Member of the Illinois House of Representatives from the 83rd district
- Incumbent
- Assumed office January 11, 2023
- Preceded by: Keith Wheeler

Personal details
- Party: Democratic
- Alma mater: University of Richmond
- Occupation: Railroad engineer; politician;
- Website: https://repmatthanson.com/

= Matt Hanson (politician) =

American politician and engineer

Matt Hanson is an American railroad engineer and politician who has served as an Illinois State Representative for the 83rd District since 2023. A Democrat, Hanson defeated Republican Keith Wheeler in 2022. His district covers parts of St. Charles, Geneva, Batavia, North Aurora, Aurora, Montgomery, and Oswego.

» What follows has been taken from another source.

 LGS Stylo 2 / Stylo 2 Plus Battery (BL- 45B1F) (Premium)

== Early life and education ==
Hanson earned a B.S. in business administration from the University of Richmond.

== Illinois House of Representatives ==
In 2022, Hanson sought the Democratic nomination for state representative from the 83rd District which he won. He went on to defeat incumbent Republican Keith Wheeler with 53.7 percent of the vote. Hanson ran on a platform of protecting worker's rights, standing up for Illinois families, protecting a woman's right to choose and fighting gun violence. He was sworn in for his first term on January 11, 2023.

In the 103rd General Assembly, Hanson served on the Appropriations-General Service Committee; Cities & Villages Committee; Police & Fire Committee; and the Transportation: Regulations, Roads & Bridges Committee.

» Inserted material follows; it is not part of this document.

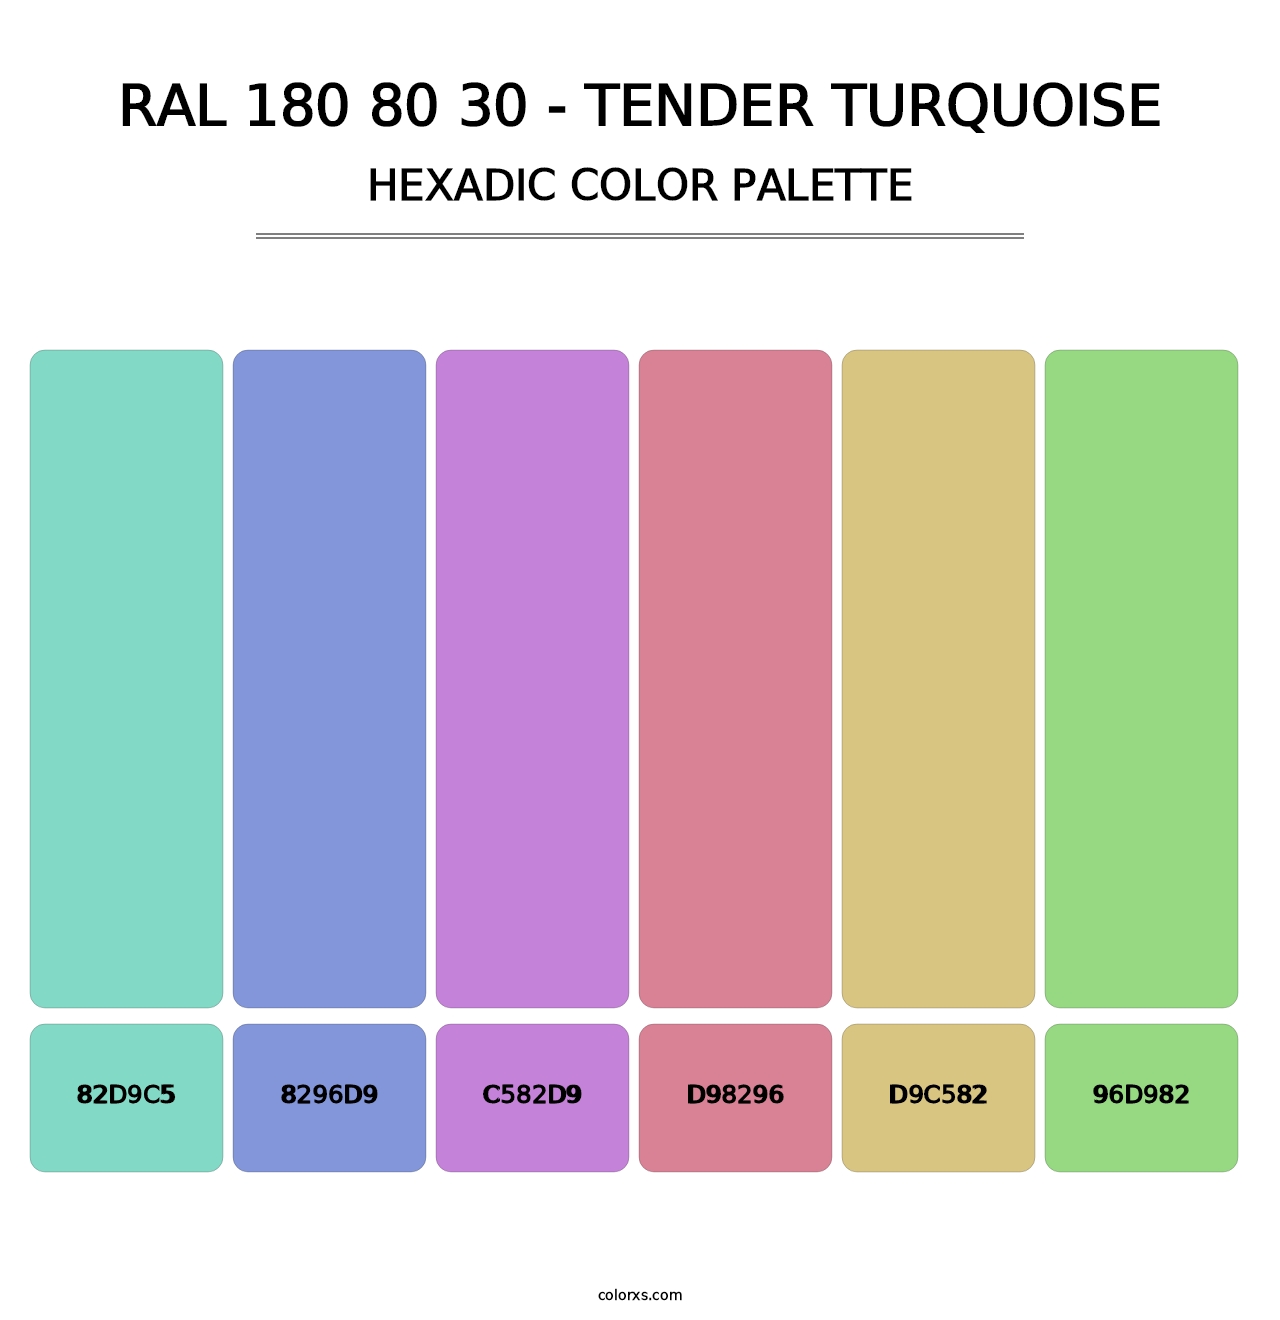 RAL 180 80 30 - Tender Turquoise - Hexadic Color Palette

Hanson won the 2024 Democratic primary, after facing a challenger.

== Personal life ==
He is an engineer for the BNSF Railway as well as an officer in the Smart-TD union.

He was previously elected to the Kane County Board from District 6 in 2018, but lost re-election to the seat in 2020 in the primary. He is also a former member of the Kane County Forest Preserve Commission. He currently serves on the Aurora Historic Preservation Commission and the Metra Citizens' Advisory Board in addition to his service in the House of Representatives.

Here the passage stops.